When you created your limited liability company (LLC), you chose a name for it. This name was included in the documents you filed to register the LLC. This is typically done by filing LLC articles of organization with the state agency that regulates businesses. Once your LLC is registered, you may conduct business under the official name of your LLC as it is registered.
Some LLCs find advantages to using a different name to conduct business. This is usually a name that is better suited for marketing and advertising purposes. If an LLC conducts business under a name other than the one that was registered for the LLC, it needs to register the other name as a DBA.
What does DBA mean?
DBA (sometimes seen as “dba") is an abbreviation for “doing business as." Using a DBA is how an LLC uses a different name to conduct business. For example, if your LLC is registered under the name “Jane Jones Enterprises LLC," but you wish to do business under the name “JJ's Computer Services," you would use “Jane Jones Enterprises LLC, DBA JJ's Computer Services."
The laws of most states refer to such a business name as an “assumed name," “fictitious name," or “tradename." Such a name is also commonly referred to as a DBA name or business name.
Why use a DBA?
The two most common reasons for using a fictitious name are:
- Being able to operate multiple businesses under one LLC, rather than forming separate LLCs. For example, Summit Enterprises LLC might want to use “Summit Property Management" for a business that owns or manages rental properties and “Summit Yard Services" for a business that provides lawn and garden maintenance.
- Using a name for your business that you believe will give you a marketing advantage, such as by more accurately describing the nature of your business, making a local connection, or getting a favorable alphabetical position in phone book or online listings. For example, if your LLC is registered as “California Wine Outlets LLC," and you decide to open a store in Monterey, you might want to use the name “Monterey Wine Outlet" for that store, in order to present it as a local business. You would then be “California Wines Outlets LLC, DBA Monterey Wine Outlet."
Where to register a DBA
Registration of a fictitious name is required in all states. In most states you'll register with the county or city government where the assumed name will be used, but in some states you'll register at the state level.
To help you find out what is required in your state:
- Conduct an online search for fictitious name requirements in your state. For example, search “Florida fictitious name registration" or “Texas DBA registration."
- Check with the state agency where you registered your LLC.
- Check with your city or county agency that deals with business regulation, typically the county or city clerk's office.
If you want to use more than one assumed name, you will need to file a separate registration for each name.
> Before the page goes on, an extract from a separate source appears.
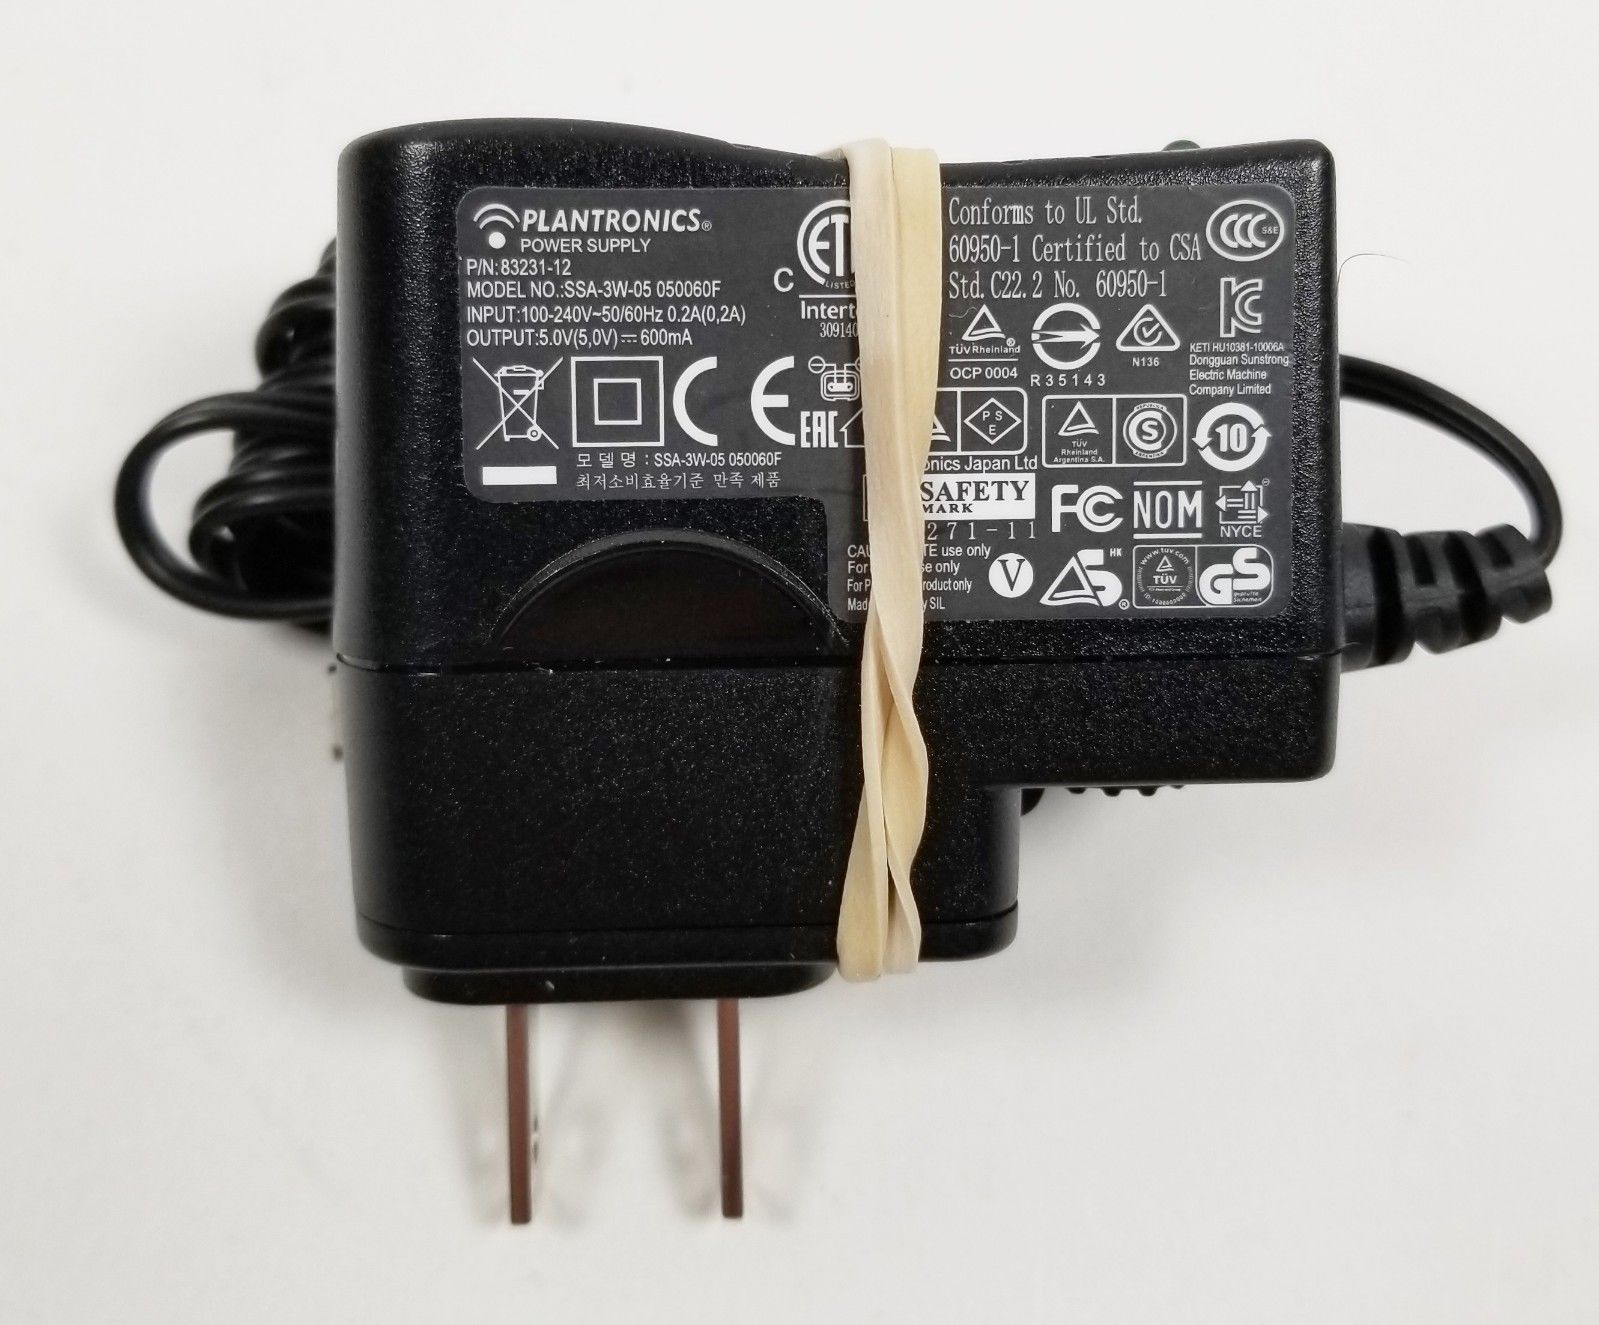 PLANTRONICS AC Adapter Power Supply Micro-USB 83231-12 SSA-3W-05 050060F Brand: Plantronics Style: Power Adapter MP - Click Image to Close

Unless statewide registration is possible, the assumed name will need to be registered in each county or municipality where the name will be used.
How to register a DBA
Once you determine where to register, you may be able to register your DBA name online. You can also obtain the proper form from the agency, fill it out with the required information, and file it with the agency. You will be required to provide the name of your LLC as it is registered and the fictitious name you want to use. Restrictions often prohibit the use of a name that is the same as, or similar to, a fictitious name that is already registered. You will probably also be required to pay a registration fee, which will typically be under $100.
You may also be required to publish some type of notice in an approved newspaper in order to start using the assumed name. If such a publication is required, you can usually find a local legal newspaper that offers much lower publication rates than a general circulation newspaper.
How to add a DBA to an LLC varies slightly from place to place, but it is a fairly easy process that typically involves filing a simple form with the appropriate government agency.